When he went to bed, he felt a little strange. When he drifted off to sleep, it was a restless sleep, and he found himself dreaming.

Mr Gove Christmas Carol Closer

Mr Gove shivered and opened his eyes.

Before him stood a small, grey figure. Mr Gove blinked. It was a child. A boy, wearing old-fashioned school uniform. Short trousers. A slightly shabby blazer. A school cap. Mr Gove noticed that the boy’s knees were dirty.

The strangest thing about the boy, however, was that his face, in fact all of his skin, was also grey. Grey and lifeless, and not in the way that some of Mr Gove’s cabinet colleagues were.

“Who are you?” Mr Gove asked, in a slightly quavering voice.

“Please Sir, Mr Gove Sir,” said the boy, in a grey, lifeless voice, “I am the Ghost of School Child Past.”

Mr Gove did not know what to say.

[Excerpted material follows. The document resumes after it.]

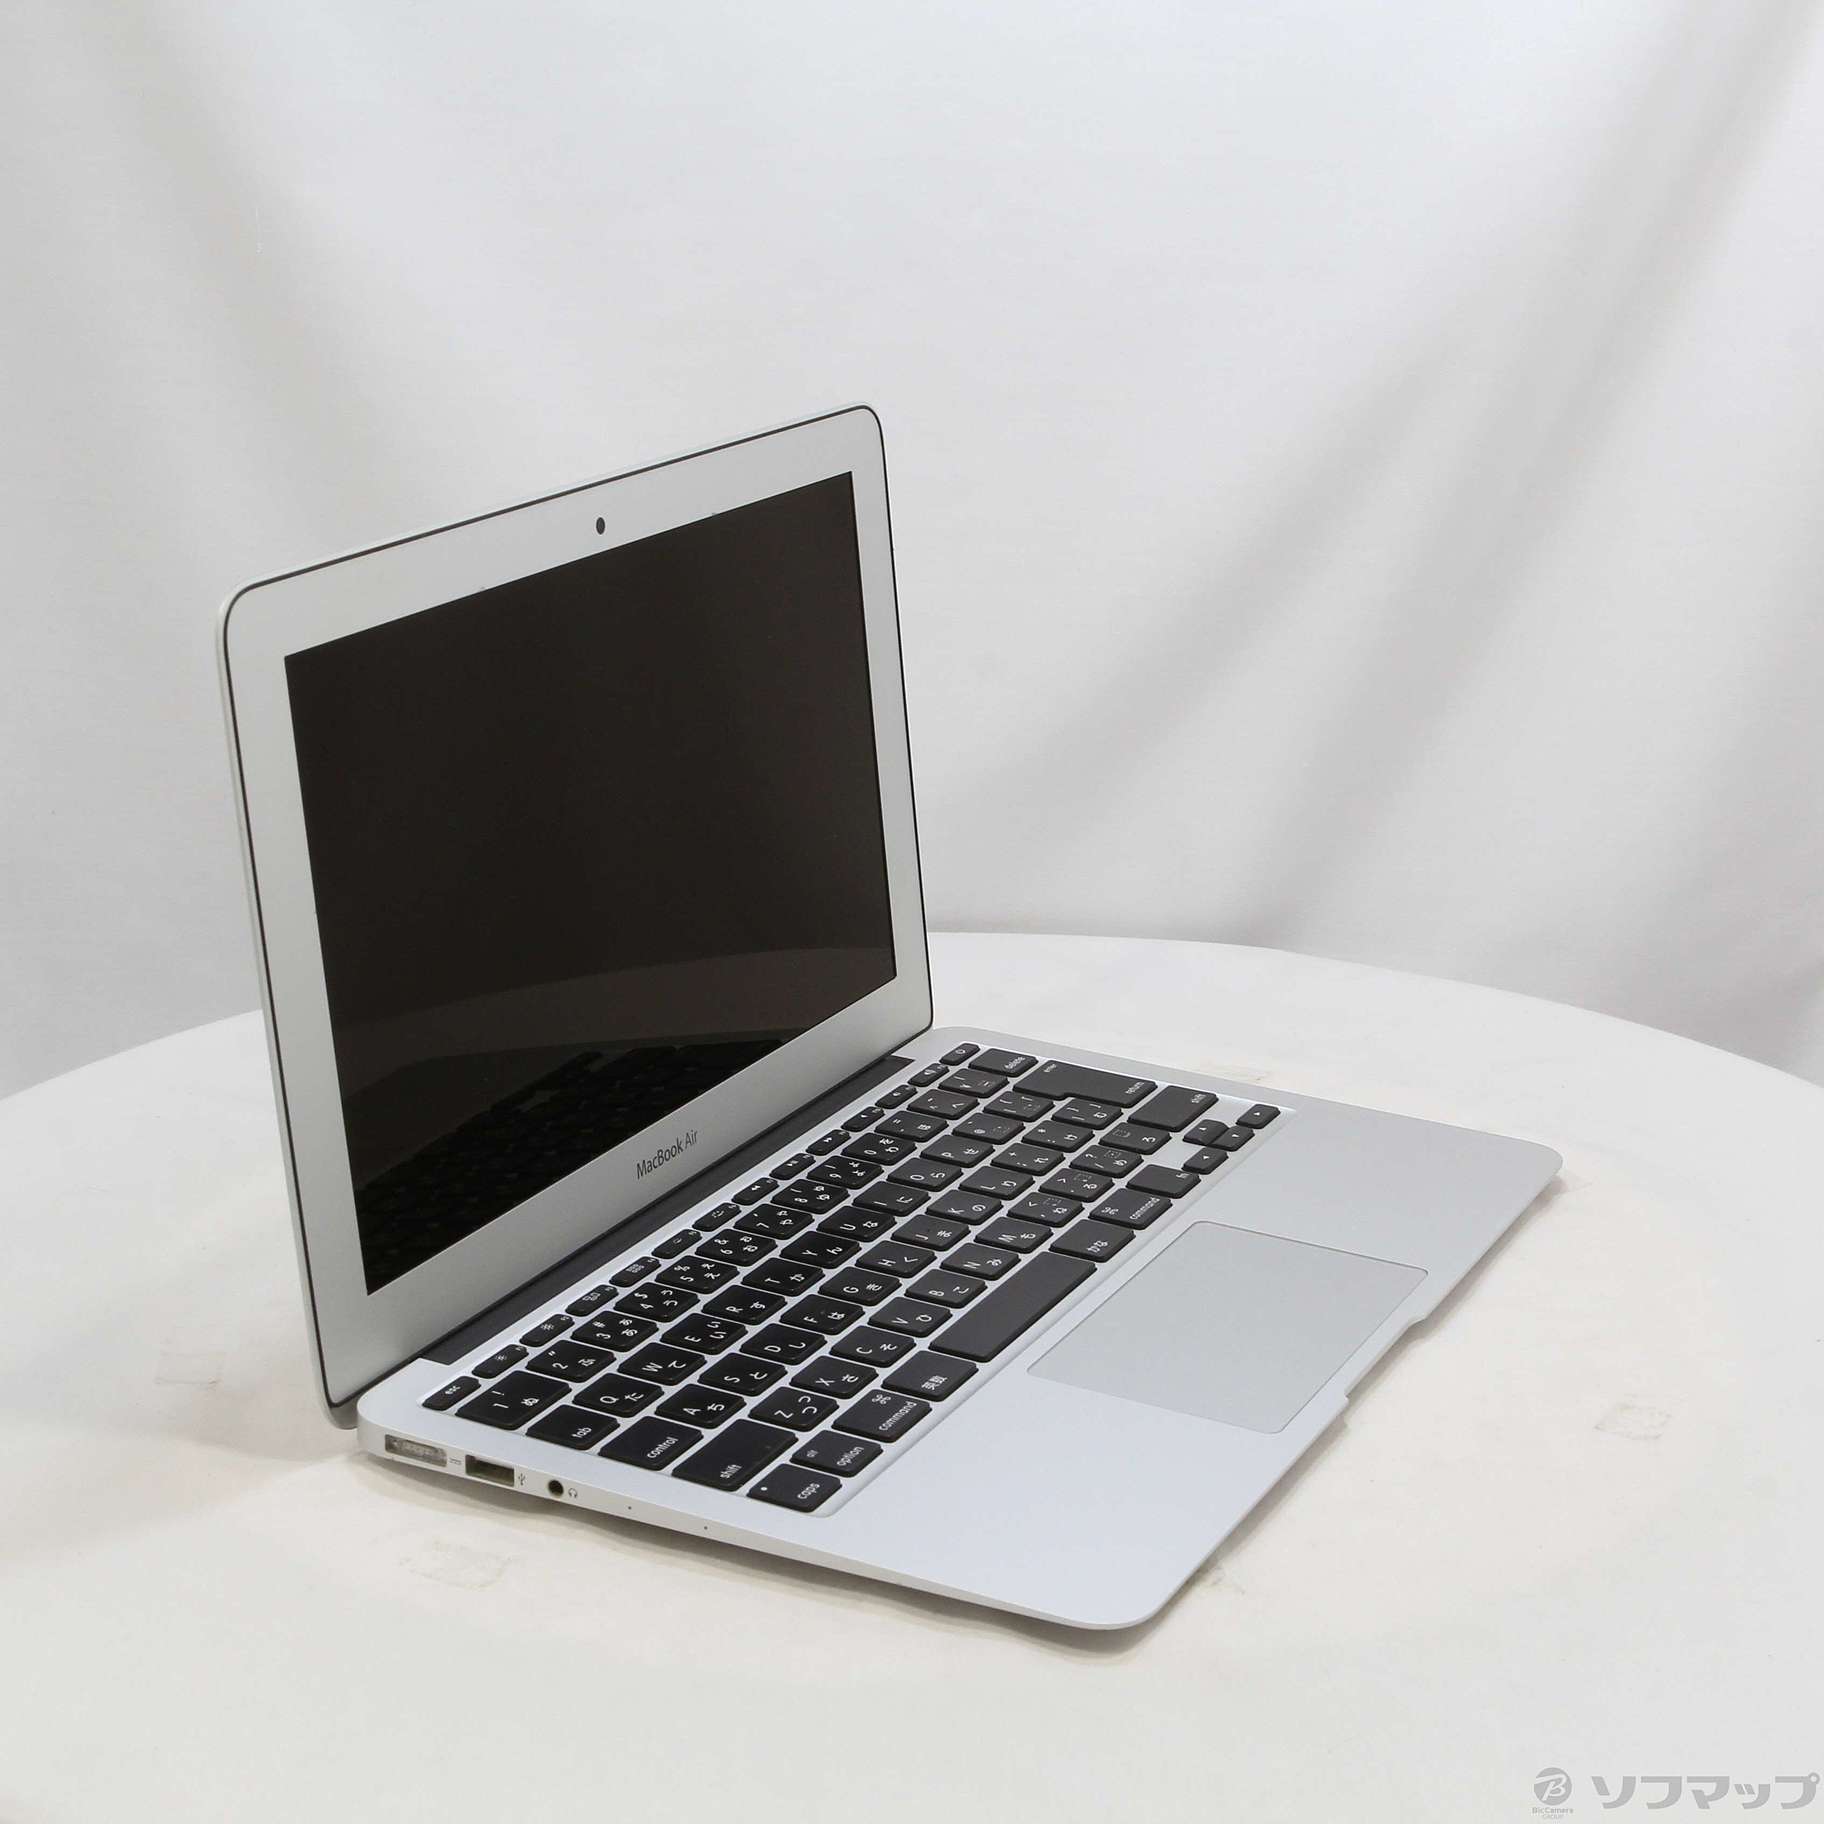 Macbook Air 11-inch, Mid 2013

He wasn’t sure he believed in ghosts, but here was one, right before him.

“Please Sir, Mr Gove Sir,” the Ghost went on, “I have something to show you.” He took Mr Gove by the hand. The Ghost’s hand was icy cold, and for a moment Mr Gove wanted to pull away, but the Ghost was insistent.

Mr Gove gulped, blinked, and found himself in a very different place. It was a cavernous room, dark and foreboding. A chill wind whistled through the gaps in the windows. Mr Gove looked around. It was a school room.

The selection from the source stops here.